Pancreatic cancer nutrition

Patients suffering from pancreatic cancer require a special diet. One reason for this is that certain food components can no longer be digested due to the lack of digestive enzymes from the pancreas. The sugar metabolism is also frequently affected by the disease, and in some cases diabetes even occurs, which requires a special diet.

The lack of bile in the intestine also often leads to digestive problems, which can be at least partially prevented with special nutrition. Patients who have undergone surgery for pancreatic cancer also require special nutrition, adapted to the changed situation of the digestive organs after the operation. Which operation is performed and whether a patient can even benefit from an operation always depends on the stage of the disease.

Therefore, a corresponding nutritional recommendation should always be individually adapted by the treating physician. General attention must be paid: Due to the loss of digestive juice from the pancreas, the enzyme lipase is missing, which is essential for the splitting and digestion of fats. This enzyme should therefore be replaced by enzyme preparations, which should be taken as tablets or similar with every meal.

The dosage must be individually adapted to each patient. Even a diet based more on medium-chain fatty acids can help to prevent digestive problems and fatty stools. This results in a reduced breakdown of fats, which means that the fat-soluble vitamins can also be absorbed less easily.

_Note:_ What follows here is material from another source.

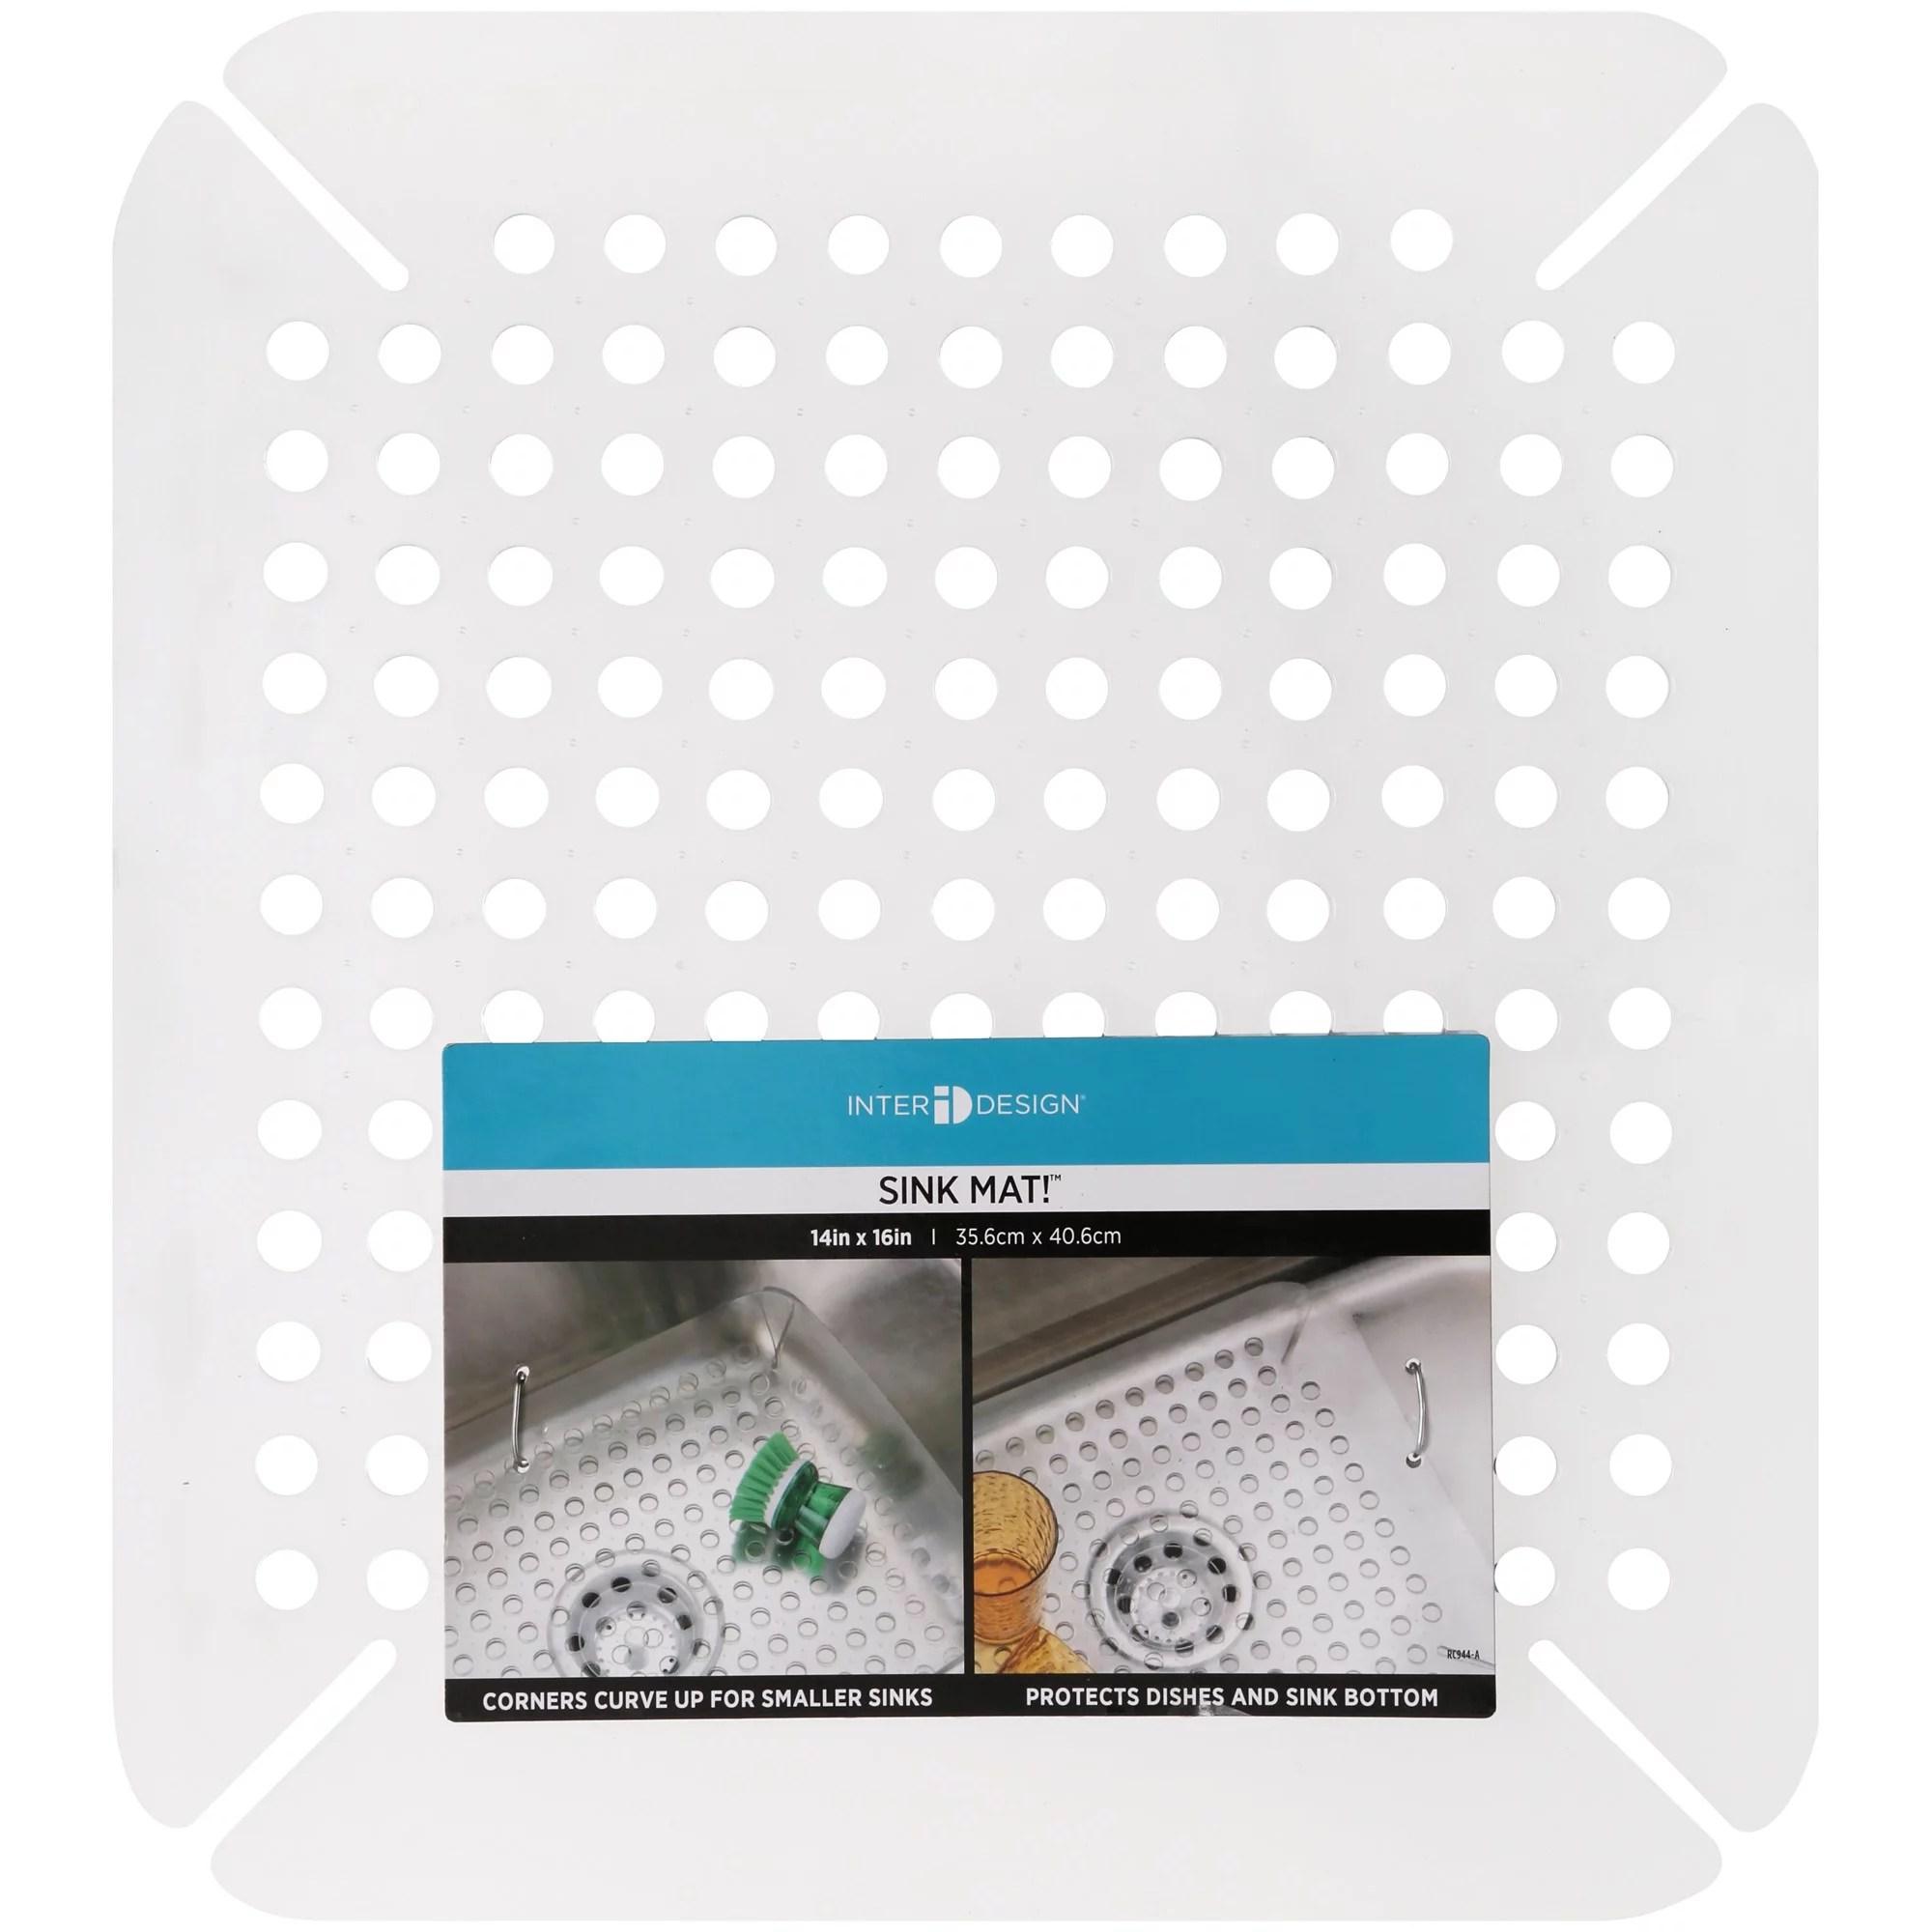 interdesign 14 x 16 adjustable sink mat clear

To prevent vitamin deficiency (with the consequences: osteoporosis, blood clotting disorders, etc. ), the vitamins must therefore be replaced. The dosage is carried out by the treating doctor.

If part of the stomach is removed during the operation, the so-called intrinsic factor is missing and the vitamin B12 can no longer be absorbed and must therefore also be replaced. – vitamin E

  • Vitamin K
  • Vitamin A and
  • Vitamin D

Patients who have undergone major abdominal surgery for pancreatic cancer often suffer from increased acid regurgitation. An acid-blocking medication (antacid) can be given for this.

In addition, foods that are associated with increased acid formation should also be avoided (very spicy or smoked foods, etc.). An intolerance to lactose (lactose intolerance) can also occur as a result of an operation and be associated with digestive problems. In this case, large quantities of dairy products should be avoided, or products with soy milk or special lactose-free dairy products should be preferred.

If diabetes mellitus develops as a result of the operation, the patient must replace the missing hormone insulin by injections into the abdominal wall and adjust his or her diet according to the doctor’s instructions. The general rules of diabetic nutrition apply here. It is always important to prevent under- or malnutrition in all patients.

If the normal food intake cannot guarantee a sufficient energy supply, it may be necessary to supplement this with other procedures. For example, high-calorie food in the form of sip feeds (available in pharmacies) is suitable for this purpose. It is also possible to supplement the normal diet with parenteral nutrition (food that bypasses the gastrointestinal tract).

This can be done via a stomach tube or, in some cases, via an implanted port. Patients who have not undergone surgery, who are usually already in the final stages of pancreatic cancer, also show similar nutritional and digestive problems as patients who have undergone surgery. Therefore, similar recommendations to those given above apply.

Which enzymes or vitamins have to be added and whether a diabetic diet has to be followed depends on the extent of the disease and should be discussed with the treating physician. Cancer patients often complain of a loss of appetite or even nausea. These problems also occur more frequently in the context of chemotherapy or radiation.

This often leads to a too low food intake with insufficient energy supply. Therefore, everything the patient feels like doing, he is allowed to eat! Food should be beautifully prepared and offered in small intervals.

For nausea there are certain, well effective drugs and even food in small portions can help here. Patients should also sit upright when eating to prevent food from flowing back. Between meals, sufficient amounts should be drunk, but not directly during the meal, to prevent an early feeling of satiety. Herbal teas, for example, have a calming effect on the stomach and sometimes also stimulate the appetite.